Part 1: Explaining a research project in six pictures.
Part 2: Five lesser-known options
- Fisher’s Exact Test. How to get one. Why you want one.
- The difference between the Pearson, Likelihood ratio and Mantel-Haenszel Chi-square
- When NOT to compare chi-square values directly
- Tests of binomial proportions
- Summary tables for multiple variables
Part 3: Three clues that your logistic regression model sucks
- Model fit statistics
- Tests of Global Hypothesis
If you are madly excited to come hear me talk about this, you can come to San Diego on Wednesday, August 21st for the San Diego SAS Users Group or to Oregon Day on October 10th when I’ll be at the Oregon SAS Users Group meeting in Portland.
Or, if you are thinking to yourself,
Ha! I would like to hear about categorical data analysis from AnnMaria for three hours, and no children with mouths full of red jellybeans are going to dissuade me!
Well, then, you are in luck, my friend, because I will be giving a class in Las Vegas, November 12th at the start of the Western Users of SAS Software conference - a class I still cannot believe begins at 8:30 am. I think I said I would do Wednesday because I thought it was in the afternoon.
The only other thing that has gotten me up before 10 am is The Spoiled One’s soccer games – and I love her. So, this will be a rare sighting.

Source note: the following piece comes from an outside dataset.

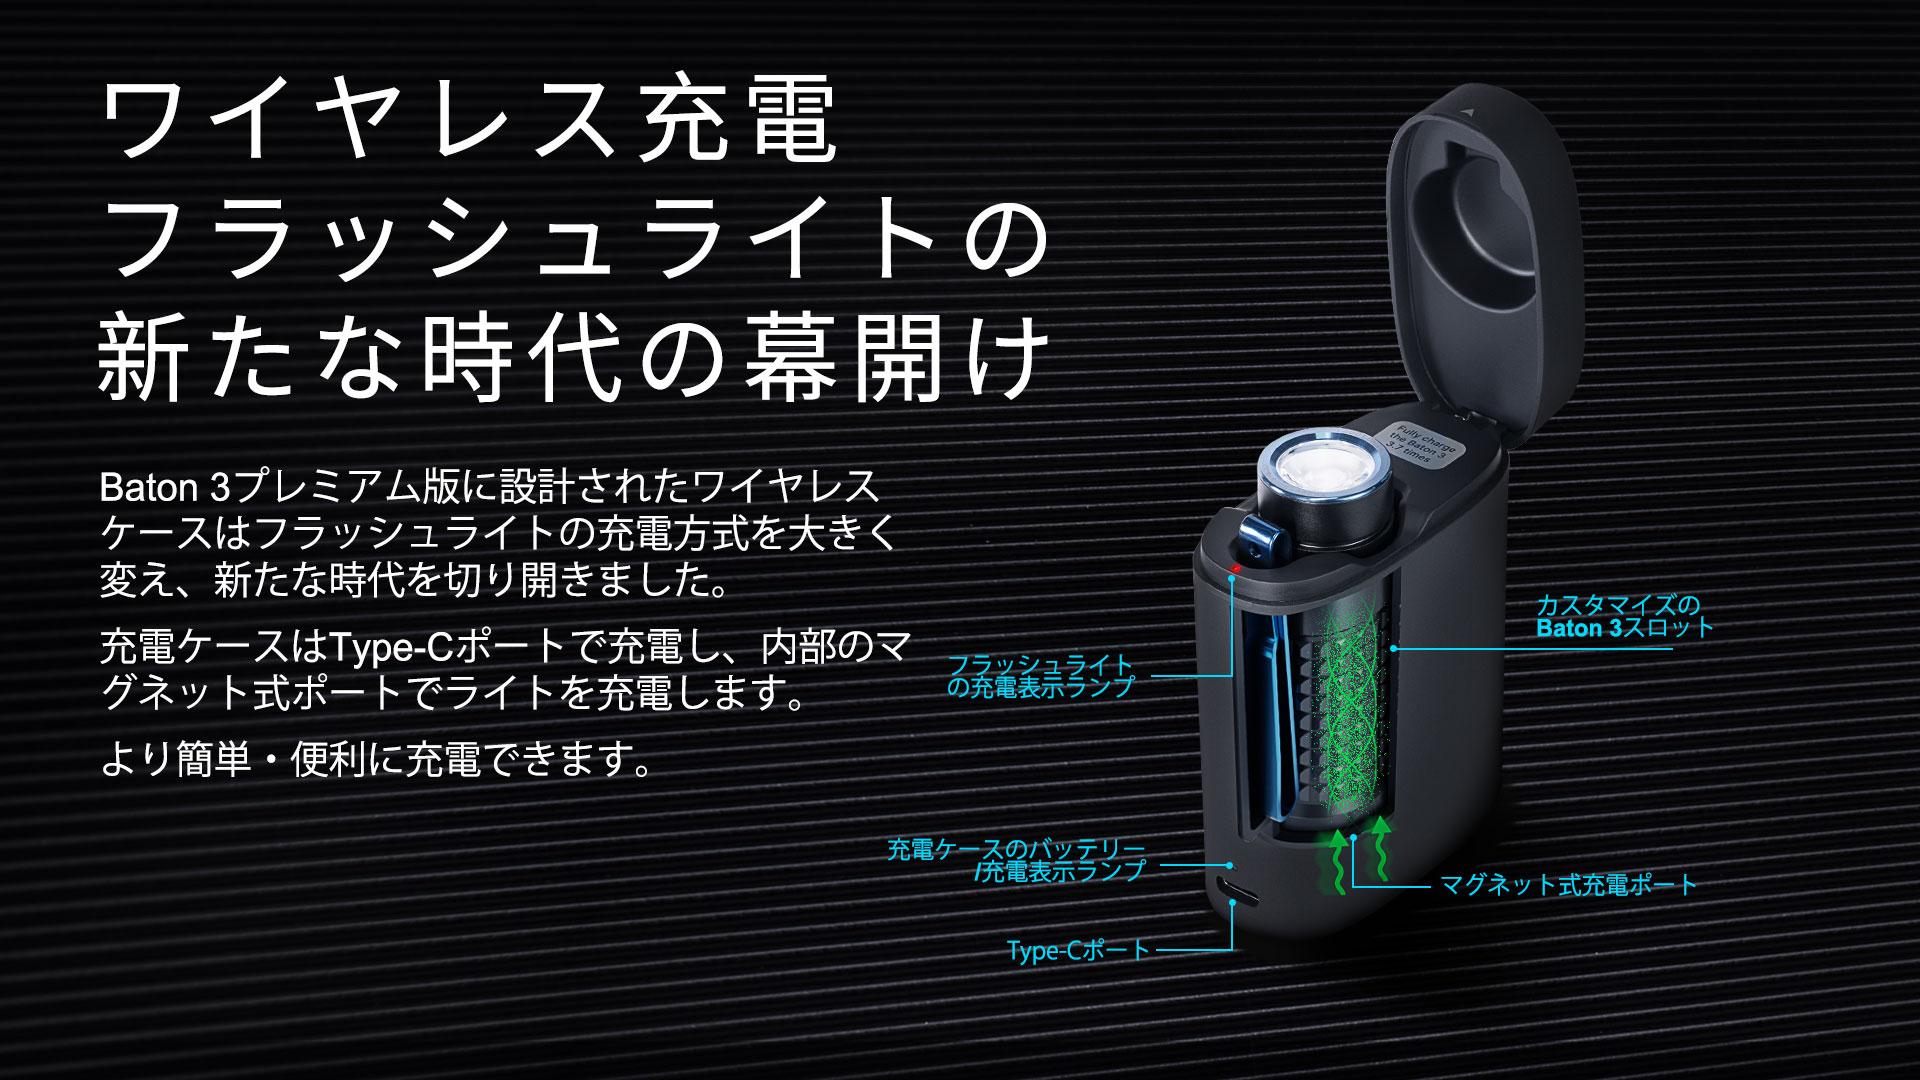 Type-Cワイヤレス充電コンパートメントをサポートし、モバイル電源の役割を果たします

I will be the lady with the cup of coffee bigger than my head.
This is the third and last part of my attempt to explain logistic regression in pictures. You can see a picture of odds ratios here, and a picture of two charts of predicted probabilities, to compare models, here.

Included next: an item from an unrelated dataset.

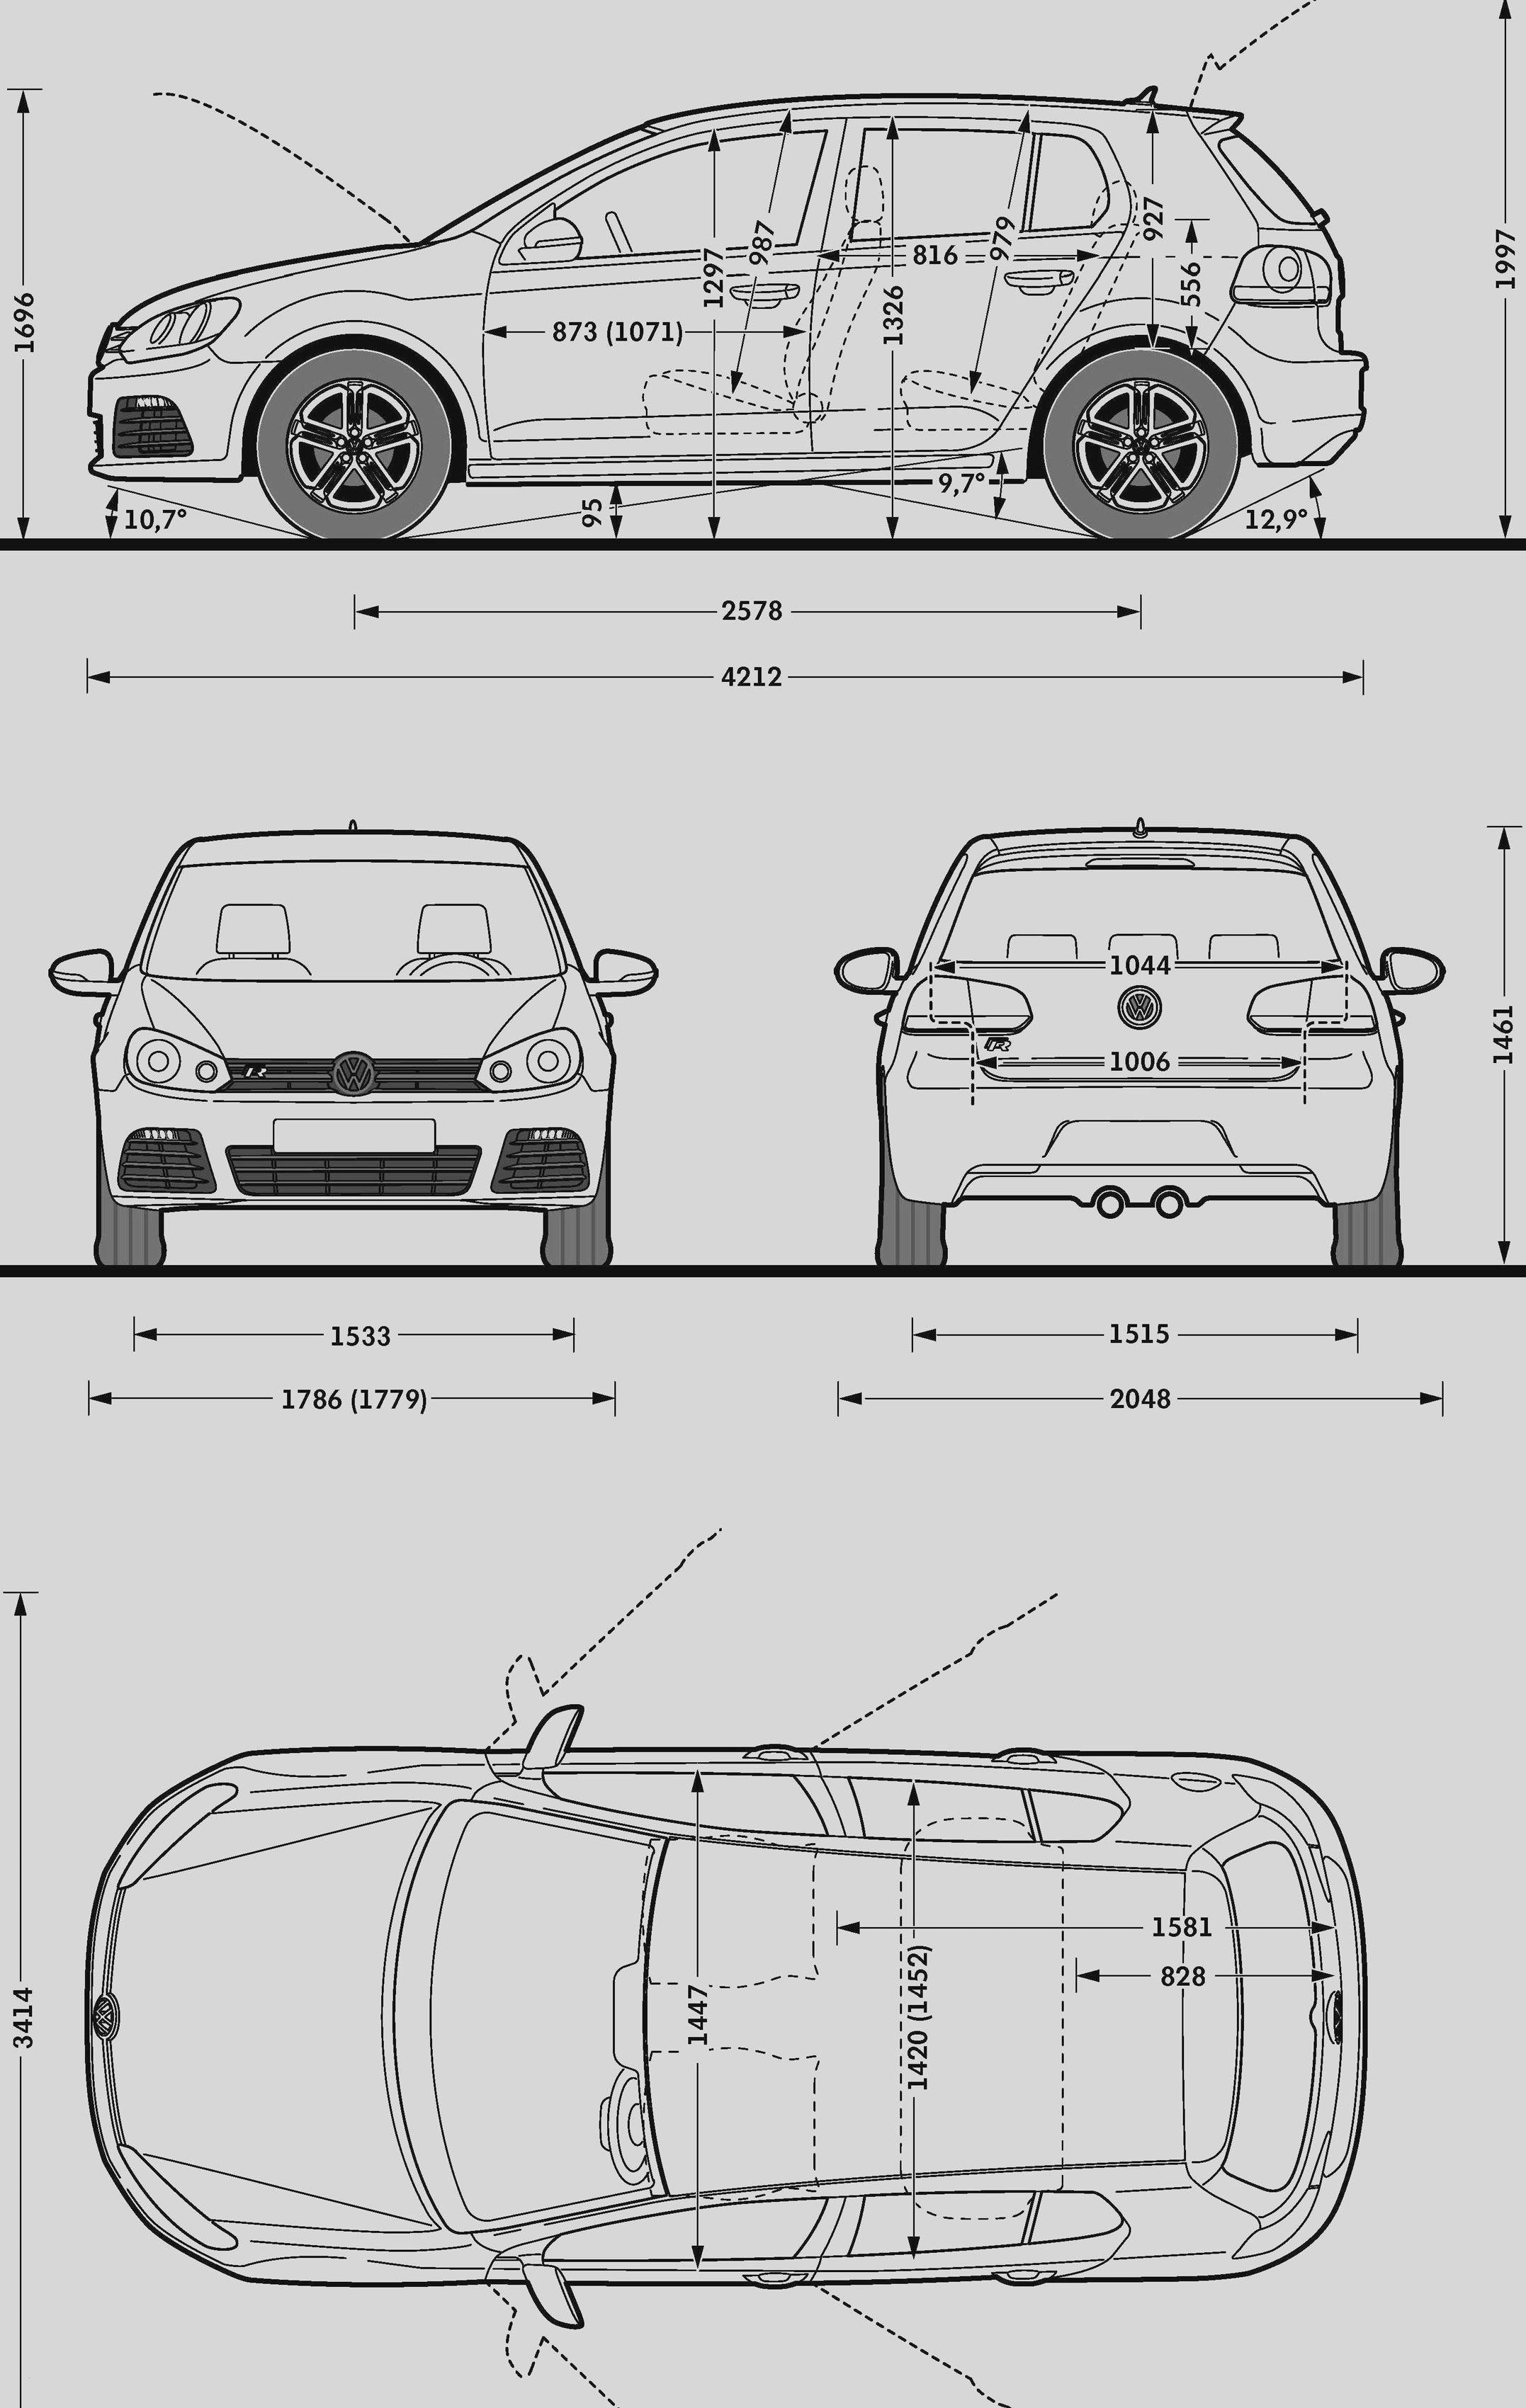 Ausmalbilder Zum Ausdrucken Autos Einzigartig Lamborghini Veneno Ausmalbilder Fresh Bayern Ausmalbilder Neu Igel Fotos

If people only know one chart associated with logistic regression, it is usually the ROC chart, though many of them cannot tell you what ROC stands for (not that it really matters) or how to interpret the chart – which kind of does matter, because it’s useful.

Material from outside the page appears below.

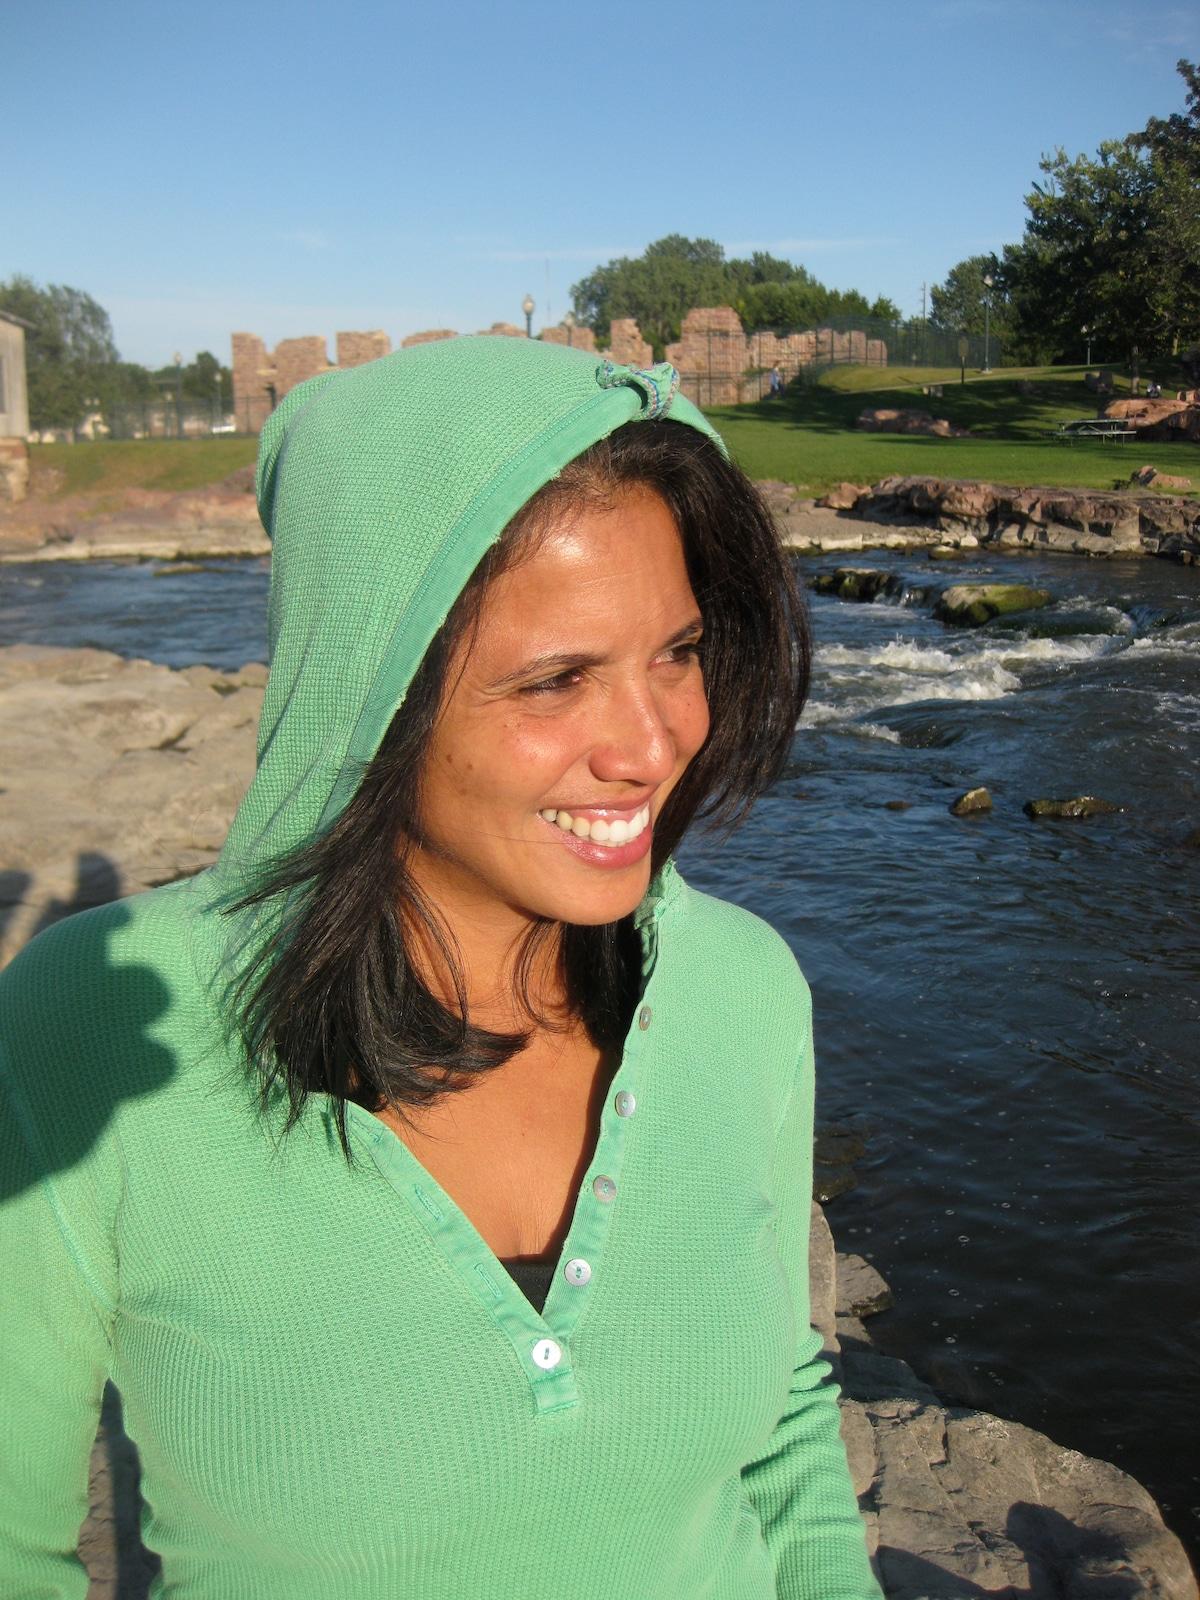 Tricia From Rosarito, Mexico

The ROC curve is an abbreviation for receiver operating characteristic curve (I told you it didn’t matter). This is a plot of
SENSITIVITY – the percentage of true positives, the people we predicted would die who did, and
SPECIFICITY – or true negatives, the number of people we said would NOT die, who did not
We actually plot (1 – specificity) by sensitivity. If we predicted no one would die, our rate of true negatives would be 100%. Since we predicted nobody would die, we would be exactly right for all of the people who didn’t die. 1 – 1.0 = 0 so we’d be at 0 on the X axis.
On the other hand, we’d have zero sensitivity. Since we predicted no one would die, we would have zero true positives.
At the other extreme, if we predicted everyone would die, we would have 100% true positives and 0 true negatives. Since 1-0 = 1 , that would be at the upper right corner here.
The straight line is what we would get without any predictor variables, if we just randomly guessed whether a person would live or die. The top left corner, where we have correctly predicted all of our positives and all of our negatives is what we would get in a perfect model.
The more that curve is bowed toward the top left and away from the straight line, the better our model.
Let’s take a look at our actual curve from the Kaiser-Permanente data, where we used gender, age, number of emergency room visits and nursing home residence (yes or no) to predict whether or not a person would die within the next nine years.
From this, we can conclude that while our model is substantially better than random guessing – a conclusion that is consistent with what we saw in our previous charts. We can also see that there is definitely room for improvement. Perhaps future research could improve prediction by including behavioral risk indicators such as amount of alcohol and tobacco usage, as well as socioeconomic status and diagnosis of chronic illness.
So, there you have it - logistic regression in three blog posts and four pictures.